Dangerous sunspots could hurl out terrifying M-class solar flares at Earth!
Solar regions are harbouring multiple sunspots which could hurl out M-class solar flares, putting the planet at risk.
Remember the film 2012 which showed the end of the world, as predicted by the ancient Mayan civilisation thousands of years ago? The film's plot was based on the Sun releasing unstable neutrinos due to unusual energy processes in the Sun which were heating up Earth's core. Although this might seem like a terrifying scenario, the science behind the film was questionable. But the threat posed by the Sun is very true. Forecasters have recently discovered multiple sunspots on the solar surface which could hurl dangerous solar flares towards Earth.
Solar flare risk
According to a report by NASA's Solar Dynamics Observatory (SDO), multiple sunspots, named AR3280 and AR3281, have been observed in the solar regions. These sunspots are dangerous as they currently have unstable 'beta-gamma' magnetic fields. Although this solar activity might seem harmless due to the distance of the Sun from our planet, they can cause major damage. Because of the unstable nature of these sunspots, there is a chance of M-class solar flares.
According to NASA, Sunspots are dark areas on the solar surface which contain strong magnetic fields that are constantly shifting and can form and dissipate over periods of days or weeks. As solar flares travel out directly from the flare site, if we can see the flare, we can be impacted by it.

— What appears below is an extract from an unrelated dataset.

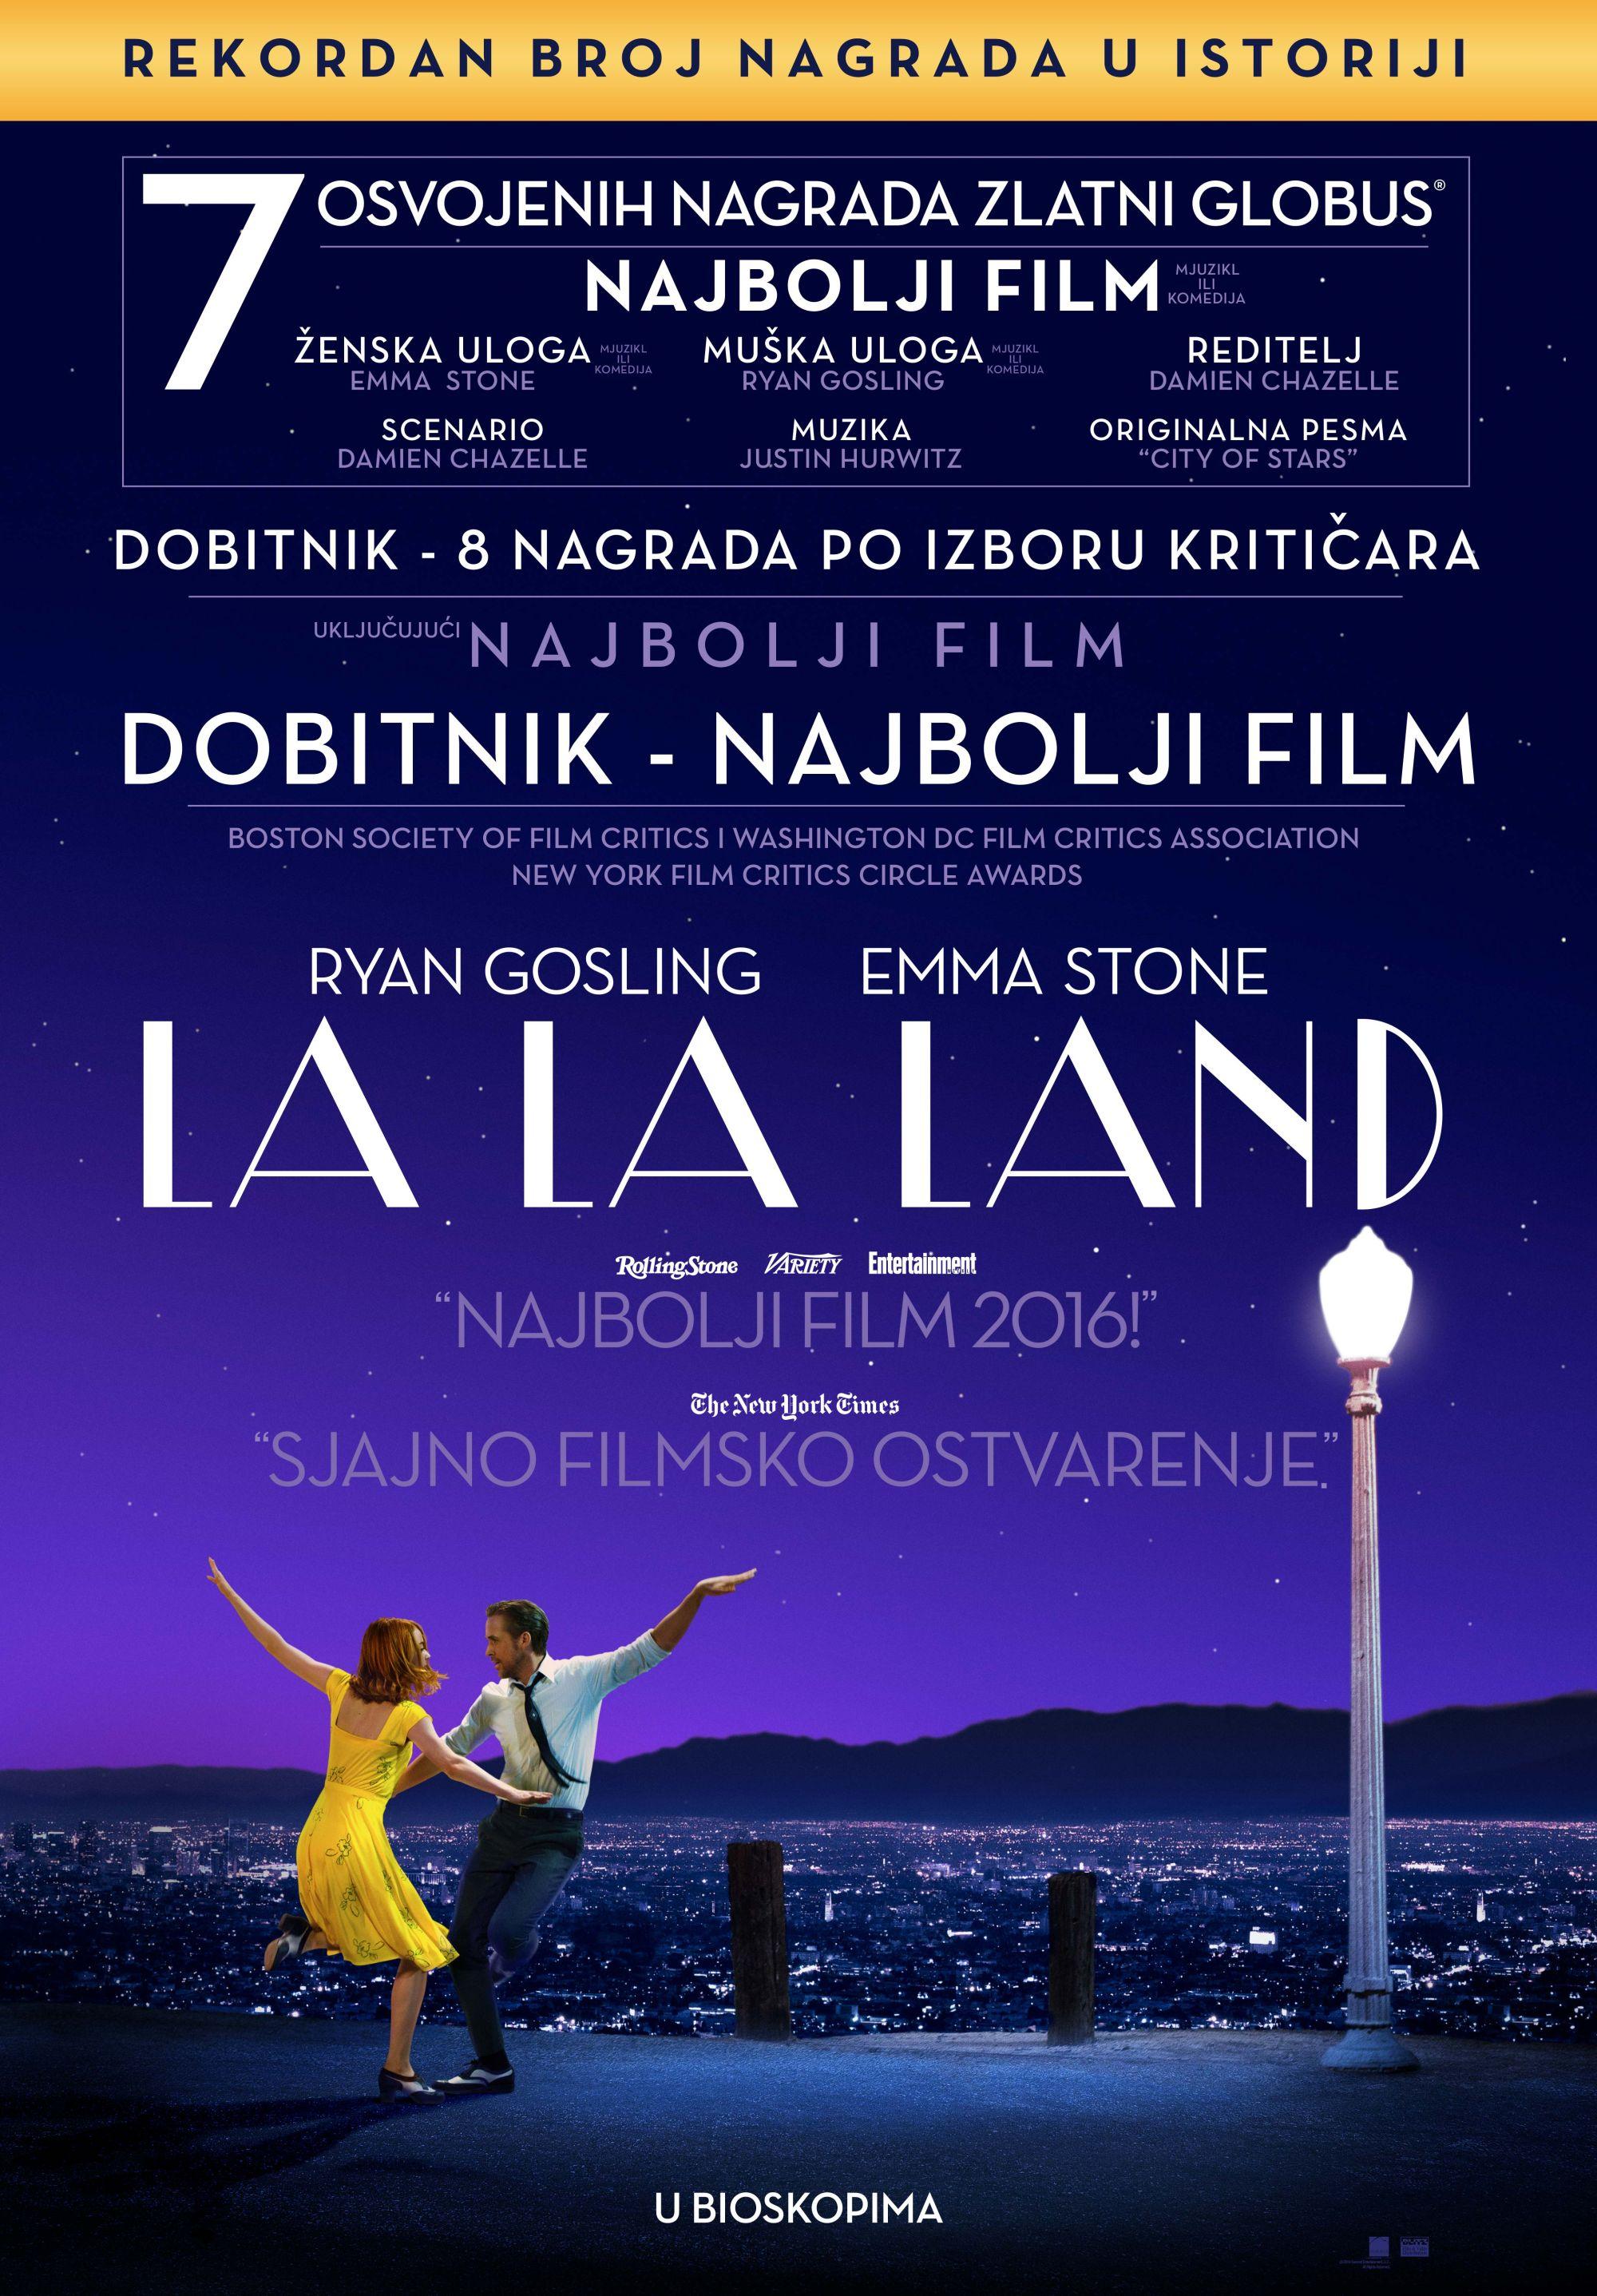 La la land (video)
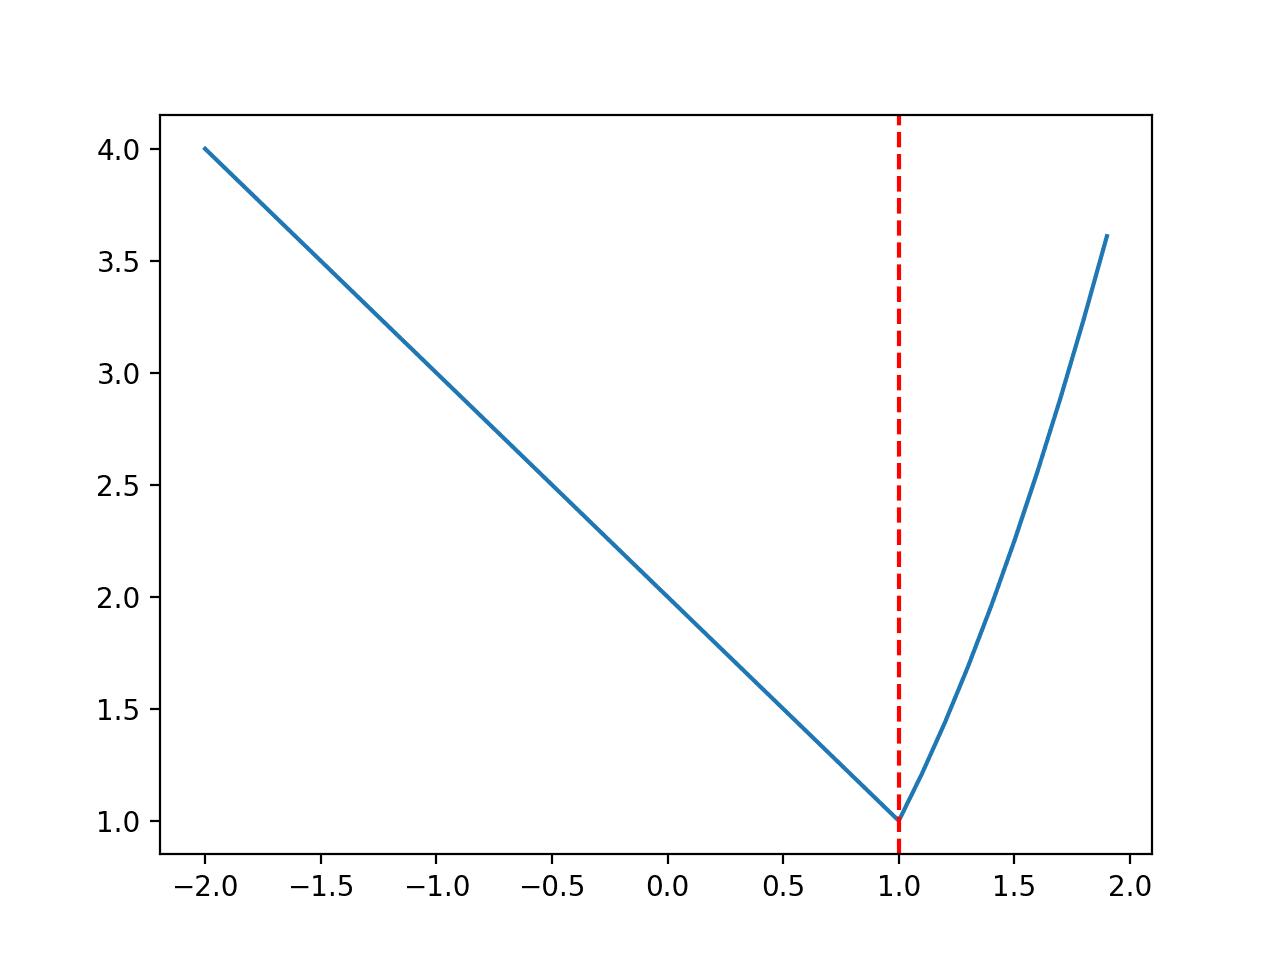 Line Plot of Discontinuous Optimization Function

How are solar flares rated?
According to NASA, solar flares are classified according to their strength on the logarithmic scale, similar to how earthquakes are measured. The smallest ones are A-class which occur at near background levels, followed by B, C, M and X. Similar to the Richter scale for earthquakes, each letter represents a 10-fold increase in energy output. So an X is ten times an M and 100 times a C. Within each letter class there is a finer scale from 1 to 9.
Solar observation tech
While many space agencies from NASA with its Solar Dynamics Observatory (SDO) to National Oceanic and Atmospheric Administration (NOAA) keep track of Sun-based weather phenomena, one that particularly stands out is the DSCOVR satellite by NOAA. The satellite became operational in 2016 and tracks different measurements of the Sun and its atmosphere including temperature, speed, density, degree of orientation and frequency of the solar particles. The recovered data is then run through the Space Weather Prediction Center and the final analysis is prepared.